Speaker
Description
Partial differential equations (PDEs) are extensively utilized for modeling various physical phenomena. These equations often depend on certain parameters, necessitating either the identification of optimal parameters or solving the equation across multiple parameters to understand how a structure might react under different conditions. Performing an exhaustive search over the parameter space requires solving the PDE multiple times, which is generally impractical. To address this challenge, Reduced Order Models (ROMs) are constructed from a snapshot dataset comprising parameter-solution pairs. ROMs facilitate the rapid solving of PDEs for new parameters.

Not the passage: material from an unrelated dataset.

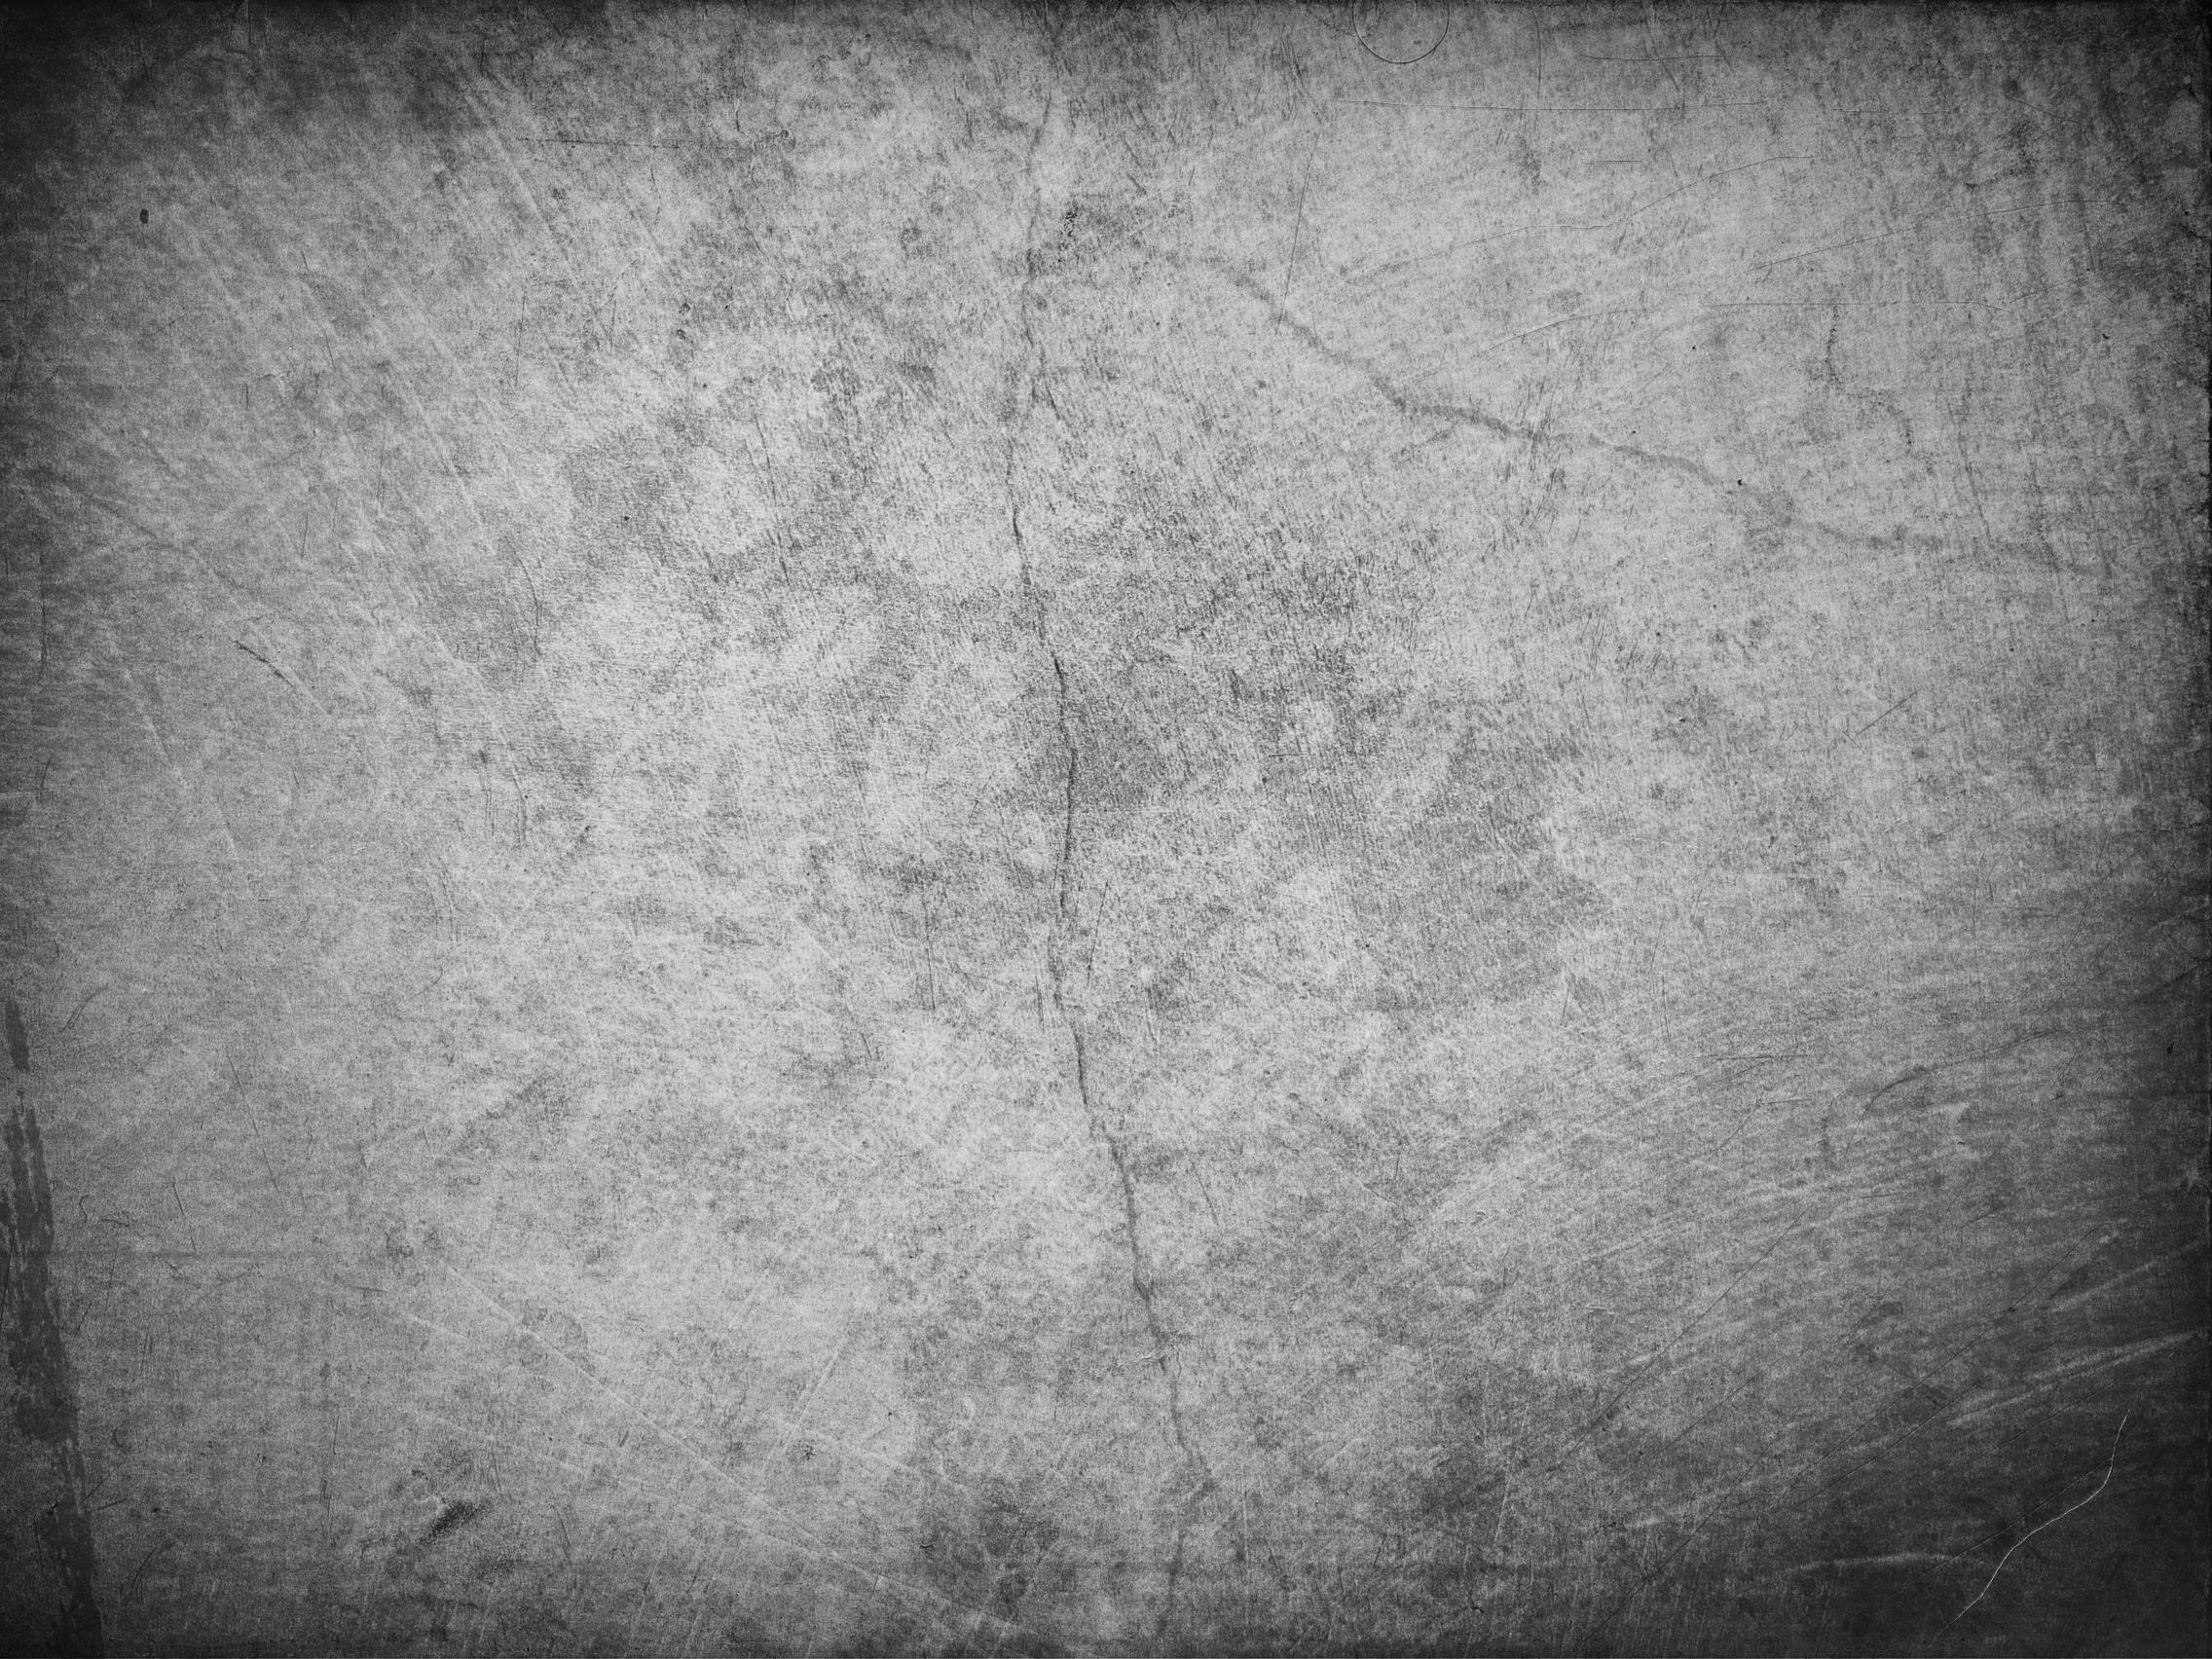 Grunge Texture Wallpaper 2272x1704 Grunge Texture Iii By 2272x1704

Recently, Deep Learning ROMs (DL-ROMs) have been introduced as a new method to obtain ROM. Additionally, the PDE of interest may depend on the domain, which can be characterized by parameters or measurements and may evolve with the system, requiring parametrization for ROM construction. In this paper, we develop a Deep-ROM capable of extracting and efficiently utilizing domain parametrization. Unlike traditional domain parametrization methods, our approach does not require user-defined control points and can effectively handle domains with varying numbers of components. Moreover, our model can derive meaningful parametrization even when a domain mesh is unavailable, a common scenario in biomedical applications. Our work leverages Deep Neural Networks to effectively reduce the dimensionality of the PDE and the domain characteristic function.